Anyone following current news can see that cyber security is an increasing problem for society, from private individuals to government institutions to small and large corporations. Traditional defense of information assets has followed a simplistic perimeter defense sort of thinking, with an incident response team in addition responsible for finding and fixing problems after they have occurred. Modern thinking in security emerging over the last decade has largely left this approach to security because it is very inefficient for protecting our information assets. The current term used for a more holistic view on security management is often referred to as “cyber intelligence”, such as this article at Darkreading.com. Modern thinking around this has emerged by combining developments in software security, criminology, military counter-insurgency tactics and risk management. This change was summed up nicely at the last RSA security summit with one sentence;
There is no perimeter.
The meaning of this is that setting up a defense consisting of firewalls and anti-virus protection is a good thing to do – but by no means is it a solution to all problems; even with these kind of technologies present, breaches are inevitable. Still, many organizations still follow the whack-a-mole-thinking:
- Invest in antivirus and firewall tools
- Buy an intrusion detection system
- If a breach is discovered, disconnect the computer from the network and re-image it to cleanse

There are many reasons why this does not work. Here are three of them; viruses today often mutate from on infection to the next, making signature based AV more or less useless for advanced malware, and most attacks live on the network for extended time before delivering a payload, basically invisible from both users and automated network tools for intrusion detection. Finally, there are always people with legitimate access to the information assets who can be influenced to initiate an attack – knowingly or not (typically this is referred to as social engineering). Basically – you don’t know what hits you before it’s too late.

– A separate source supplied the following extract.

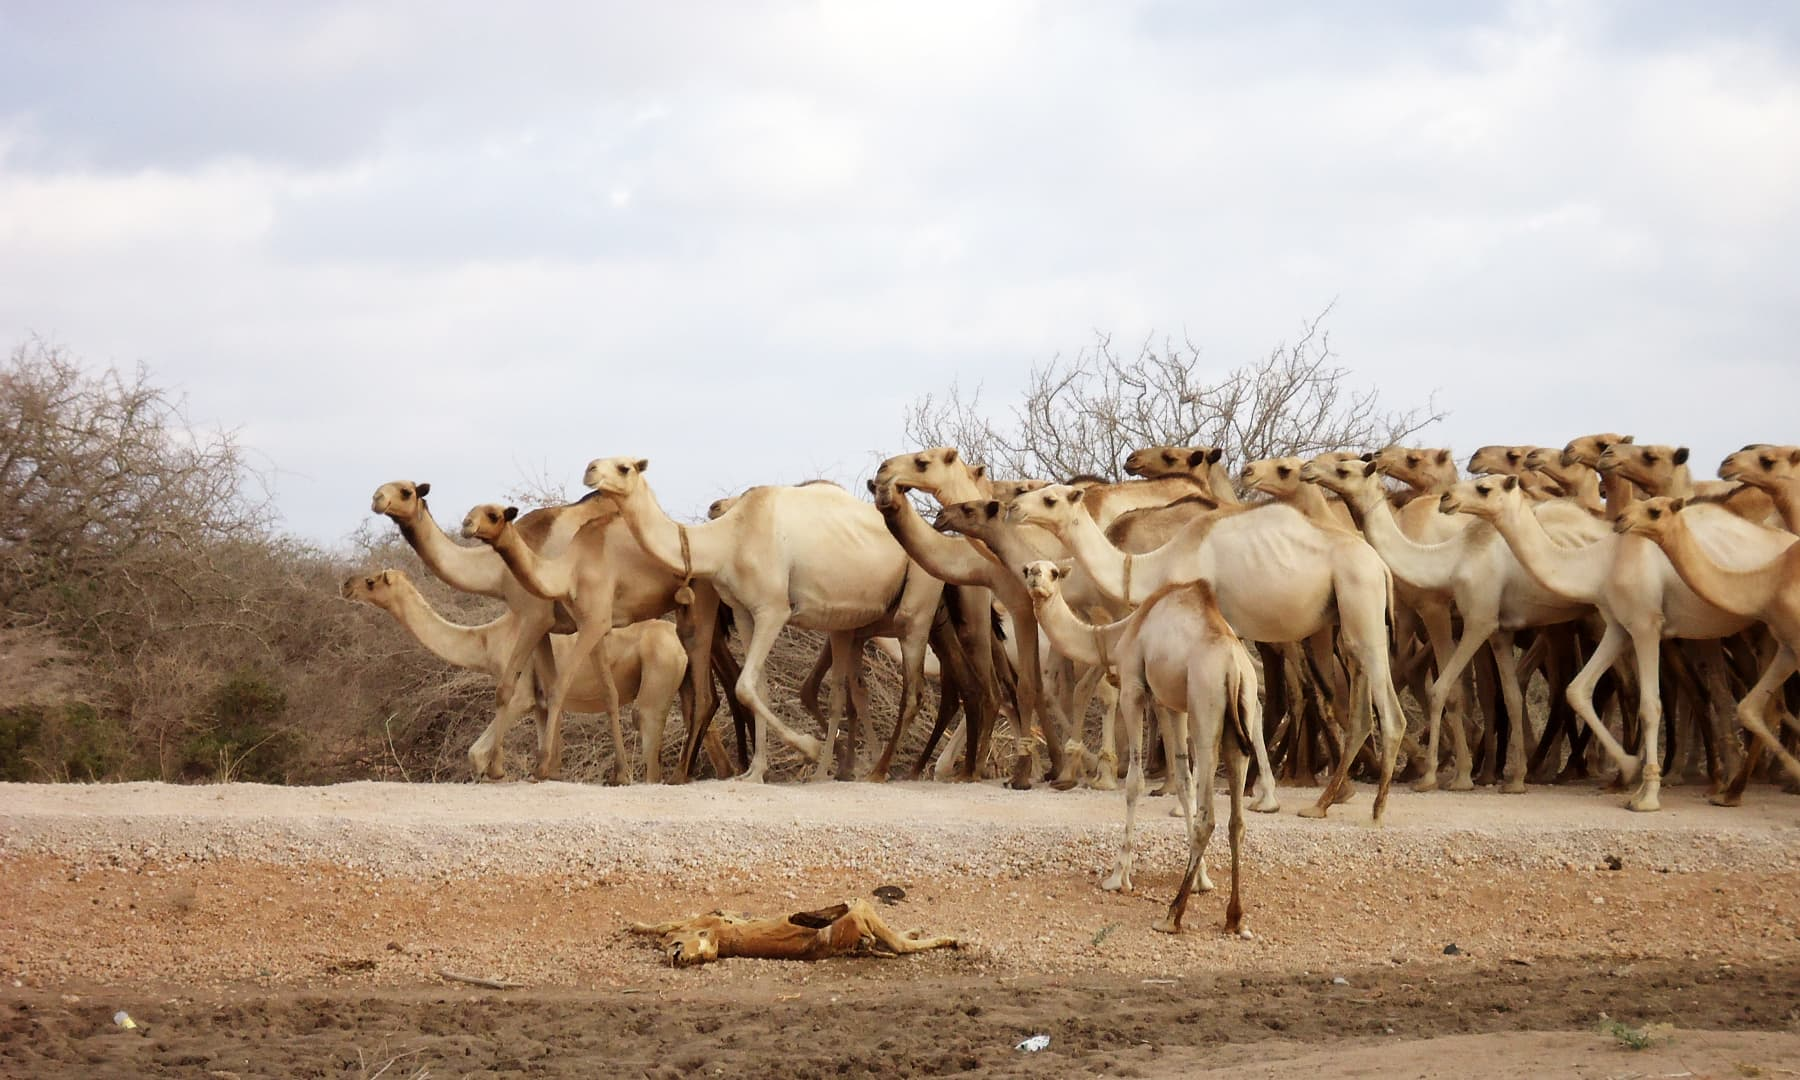 داداب کیمپ کے قریب بھوک و پیاس کی وجہ سے ایک جانور دم توڑ گیا— فوٹو عظمت اکبر

The worst thing is probably that there is no direct cure. The good news is that you can make your systems much harder targets through good risk management and defense strategies that can help you cope with the threat in a much better way. Following basic risk management thinking can get you a long way by identifying potential weaknesses, threats and vulnerabilities in all parts of your information system lifecycle is the starting point. This means even during development (if it is your software/hardware) or procurement – you need to assess the dangers and find mitigation plans. A mitigation plan should not be simply reactive (whack-the-mole) but rather proactive, such as “how can we minimize the risk such that we think it is acceptable taking both probabilities and consequences into account”? In order to have an informed opinion on this, you need to determine not only what the potential impact of an attack could be, but also the credibility of such an attack. In order to do that, you need to review who the attackers are, how is the outside world affecting the situation, what are the attackers motivations, what are their capabilities, is there a cost-benefit trade-off, and so on. It is from this view the term “cyber intelligence” comes. Having such information at hand, together with a lifecycle oriented mitigation plan, puts you in place to build a resilient organization that is not played out on the sideline easily by the bad guys.